“Dev’essere una casa accogliente, una famiglia con figure stabili per rimediare ai danni fisici e affettivi di bambini che hanno vissuto l’abbandono: bambini che, come capita spesso, dopo la nascita sono stati in terapia intensiva per mesi. Questi bambini hanno diritto a terapie riabilitative immediate per recuperare il danno”. Simona Cao, 42 anni, veterinaria specializzata nella relazione uomo – animale, trasmette forza e amore quando parla del progetto ideato con suo marito Michele Allodi, ingegnere: aprire a Selargius, nell’hinterland di Cagliari, la Casa famiglia Killia per bambini con disabilità orfani o temporaneamente senza famiglia.
Simona e Michele sono, rispettivamente, presidente e vicepresidente di Killia – termine che in sardo significa culla – che nei mesi scorsi ha lanciato una raccolta fondi – una compagna sul 5 per mille e non solo per creare la Casa Famiglia nello stabile di circa 400 metri quadri, già sede della cooperativa sociale da oltre 7 anni.
L’obiettivo è accogliere e curare con terapie personalizzate. Un gruppo stabile di operatori professionali fa da ponte con le Istituzioni coinvolte (Tribunale dei Minori, Comuni, Asl e altre) e facilita l’incontro tra i bambini e famiglie che richiedono l’adozione.
“L’idea parte dall’esperienza personale – continua la veterinaria – Dopo due figli, abbiamo scelto di dare la disponibilità all’adozione di un bambino ‘con rischio sanitario’ ed ecco che è arrivata la nostra terza figlia”. All’esperienza personale si aggiunge quella professionale. La cooperativa Killia, nella sua sede e in scuole, centri diurni, comunità, nell’Istituto penitenziario del minori di Quartucciu, si occupa di percorsi terapeutici e di assistenza legati alla relazione animale, uomo e natura, con un’équipe di professionisti altamente specializzati. Destinatarie le persone fragili di qualunque tipo: anziani, bambini, adolescenti, adulti con disabilità”.

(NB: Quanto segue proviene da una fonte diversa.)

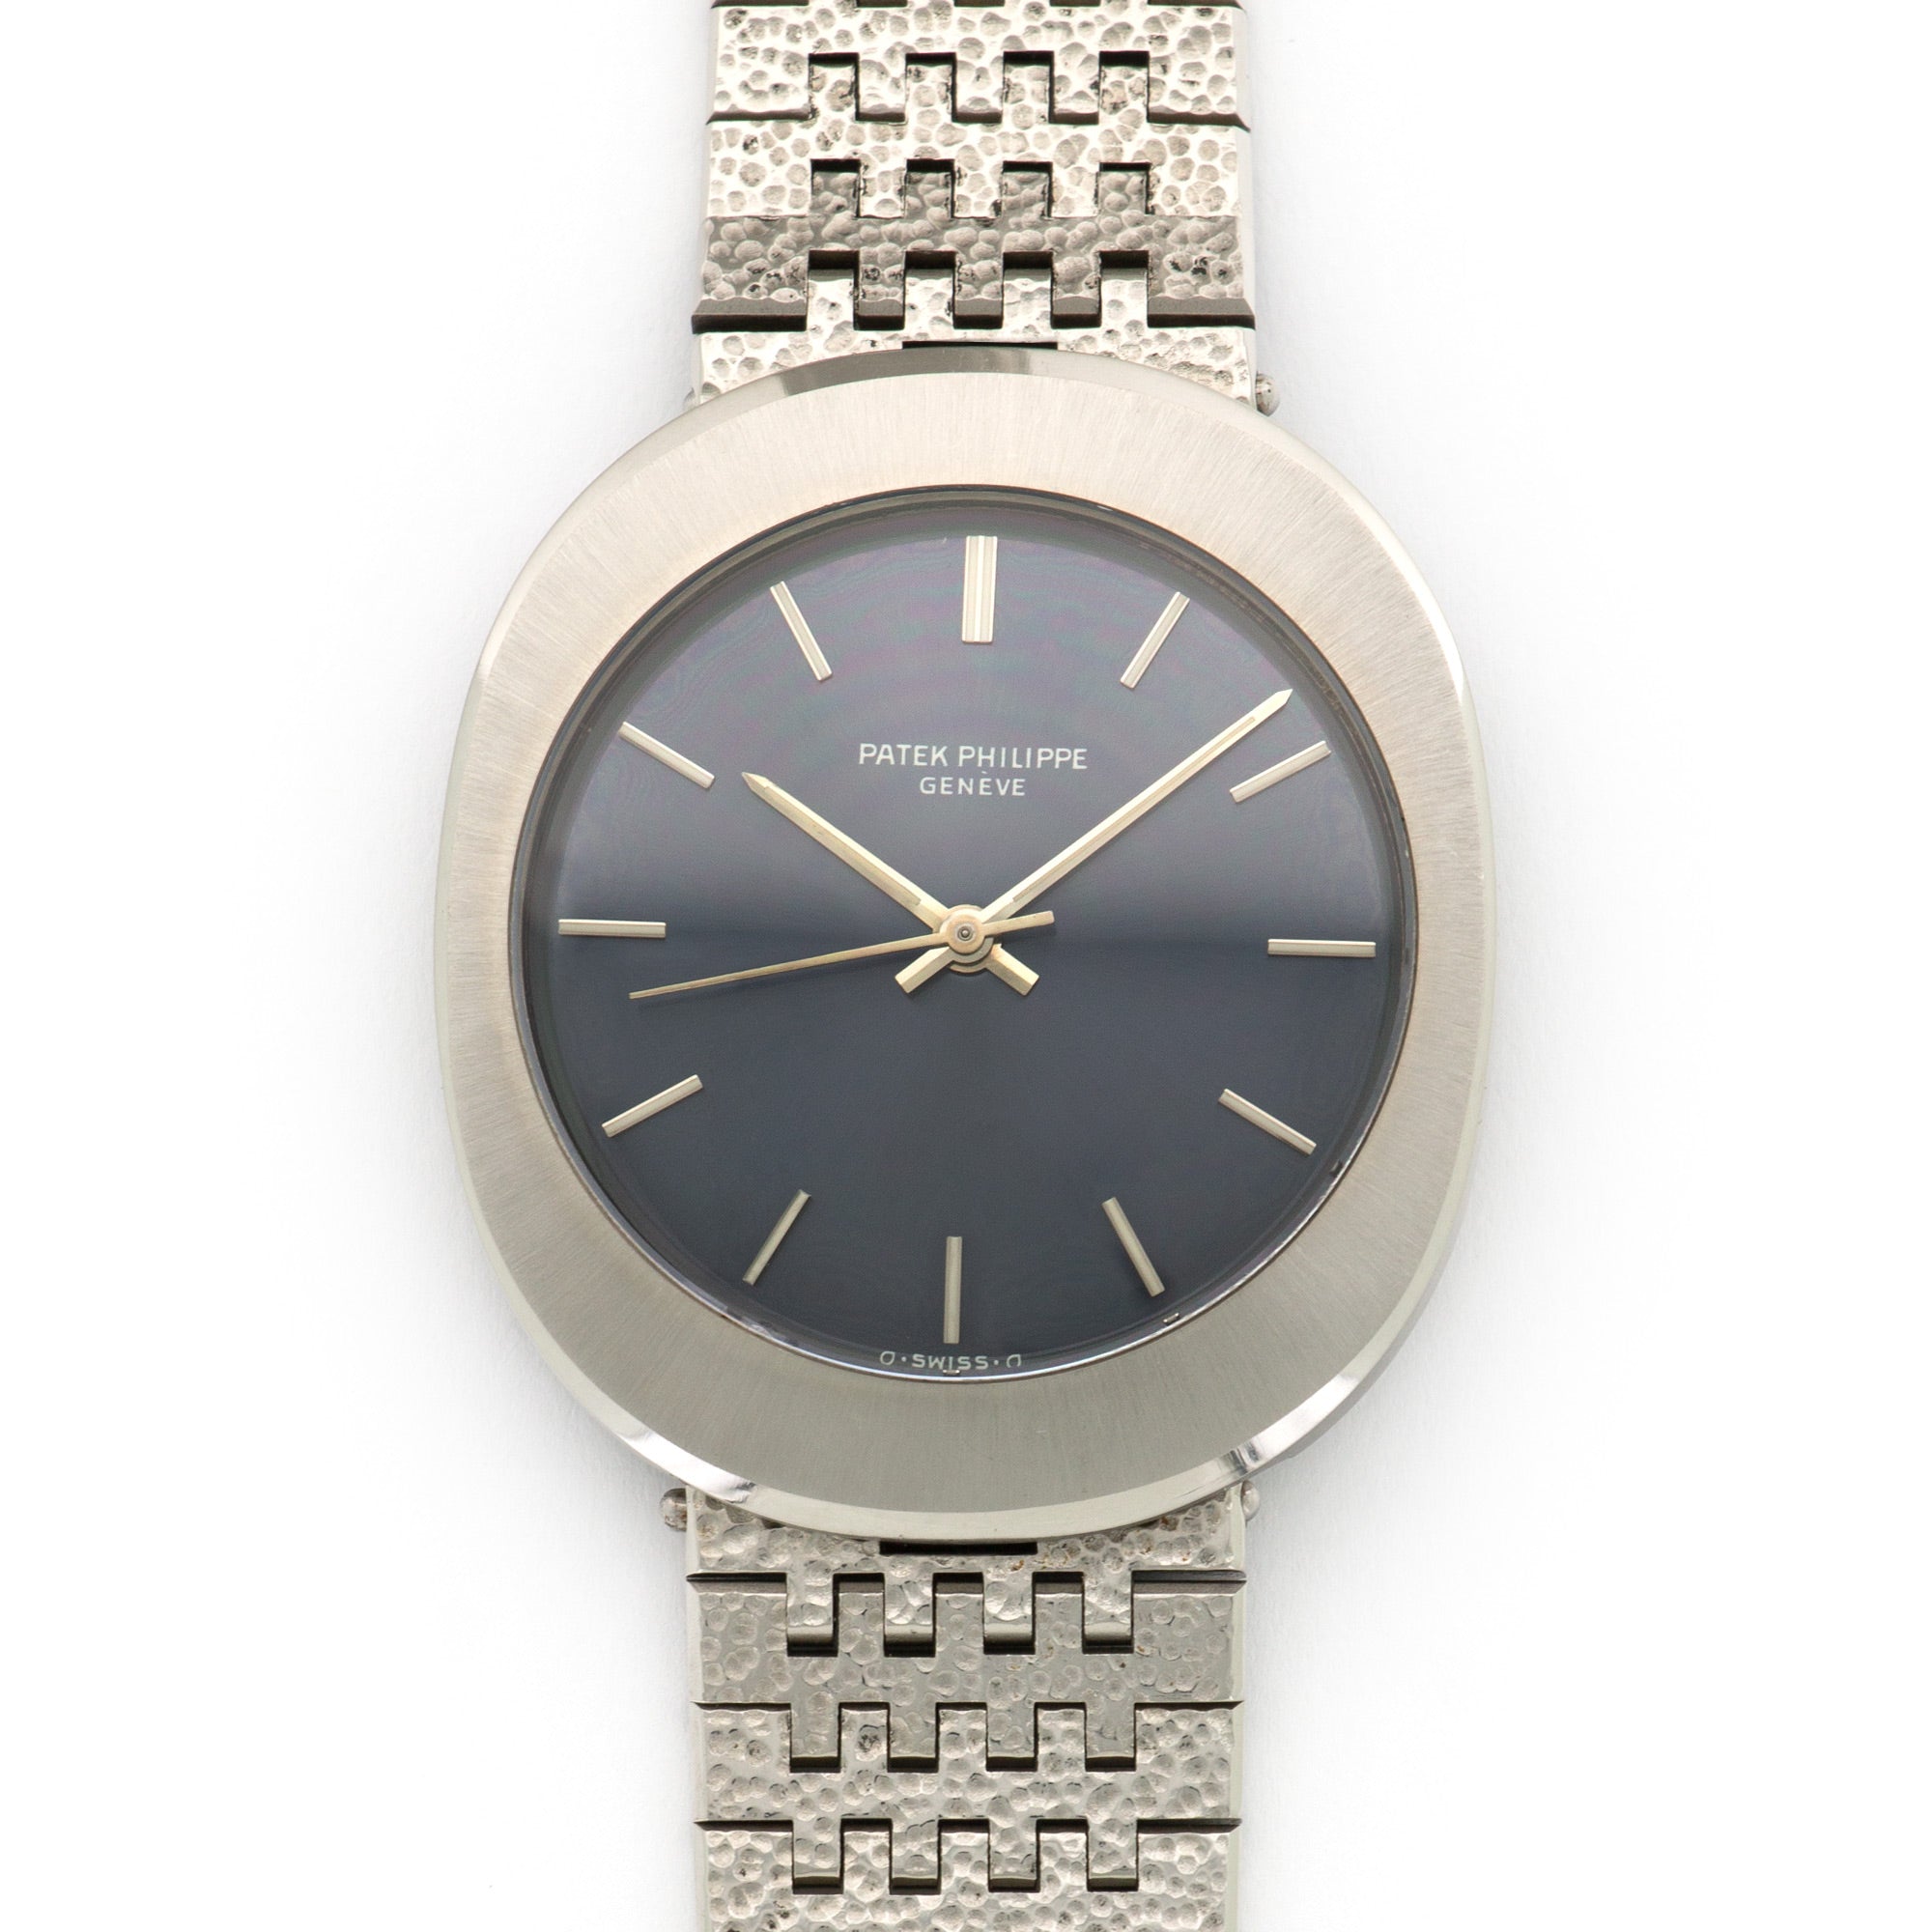 Patek Philippe - Patek Philippe Stainless Steel Automatic Bracelet Watch Ref. 3580 - The Keystone Watches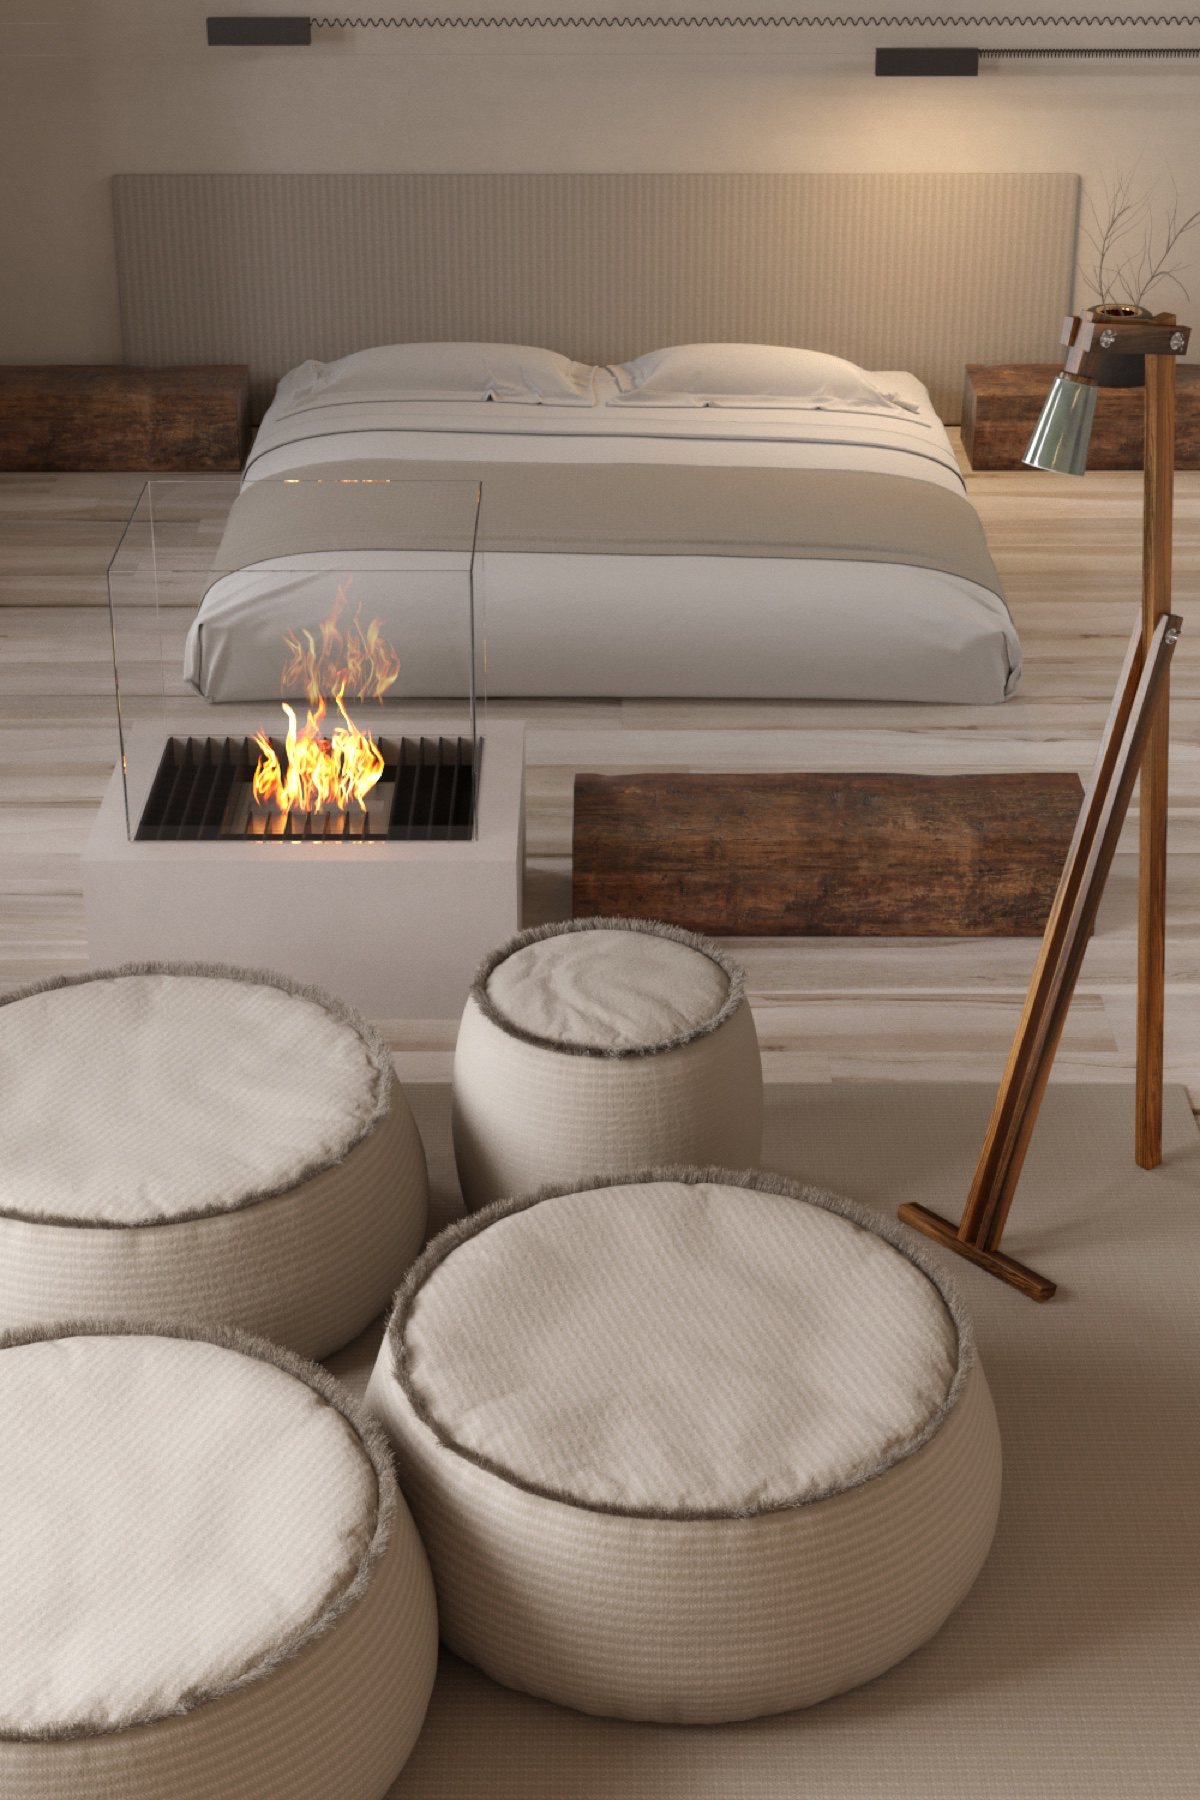 Rustic bedroom roaring glass fireplace beige striped ottomans

“I cani e cavalli che collaborano con noi, nei servizi che eroghiamo oggi e nel futuro della Casa Famiglia Killia, hanno il ruolo di agevolare il raggiungimento degli obiettivi terapeutici di percorsi individuali, in base ai bisogni delle persone che assistiamo – spiega Simona Cao – Il nostro gruppo di lavoro è composto da educatori, conduttori di animali, psicologi della pet therapy, ma anche logopedisti, terapisti della riabilitazione psichiatrica, e altre figure professionali necessarie per ciascun singolo caso”.
Convogliare il tutto dentro una Casa Famiglia per bambini con disabilità orfani (accogliendo, in un secondo momenti anche orfani senza disabilità) significa prima di tutto la ristrutturazione della sede, per aprirla entro il 2023. Ma soprattutto, una volta aperta la struttura, si incide sul funzionamento delle adozioni in Italia, “perché nel nostro Paese è un mondo particolare”, chiosa Simona Cao. Il problema da risolvere è l’incontro tra le domande di adozione e i bambini che hanno bisogno di una famiglia, un compito che il Pubblico non riesce ad evadere con efficienza.
Nel solo 2016 le domande di adozione nazionale sono state più di 8.300, ma solo sette di queste erano aperte anche a minorin con disabilità. Oggi in Italia risultano adottabili 424 bambini con bisogni speciali (dati di Anfaa, Associazione Nazionale Famiglie Adottive ed Affidatarie). “Da qualche anno opera l’associazione Mamme Matte – spiega Simona Cao – che mette in collegamento i Tribunali dei minori con le famiglie e i single, persone che vogliono adottare un bambino con bisogni speciali. In questo mondo, cosa fa spesso un bambino con disabilità prima di entrare in una famiglia? Niente, purtroppo: sta in ospedale, in comunità per minori, dove il personale turna ed è difficile avere delle figure affettive stabili, come, invece accade in una Casa Famiglia”.
Cani e cavalli hanno un ruolo di primo piano nella “famiglia Killia”. Nel maneggio di Sa Illetta operano Kendi e Jango. “Kendi ha 16 anni – racconta Simona – L’ho conosciuta 3, 4 anni fa quando faceva equitazione classica. A Kendi piace molto fare ricerca olfattiva. Vengono utilizzate frutta e verdura, oggetti che lei trova sulle persone, che così conoscono l’animale e si conoscono. A Jago, un bull dog francese, piace il contatto fisico e ha aiutato diversi bambini. Il supporto che ti dà l’animale è per tutta la vita. Bisogna tornare in contatto con la natura, tornare ad avere una necessità fisica per la propria realizzazione nella natura. Killia divulga questo valore”.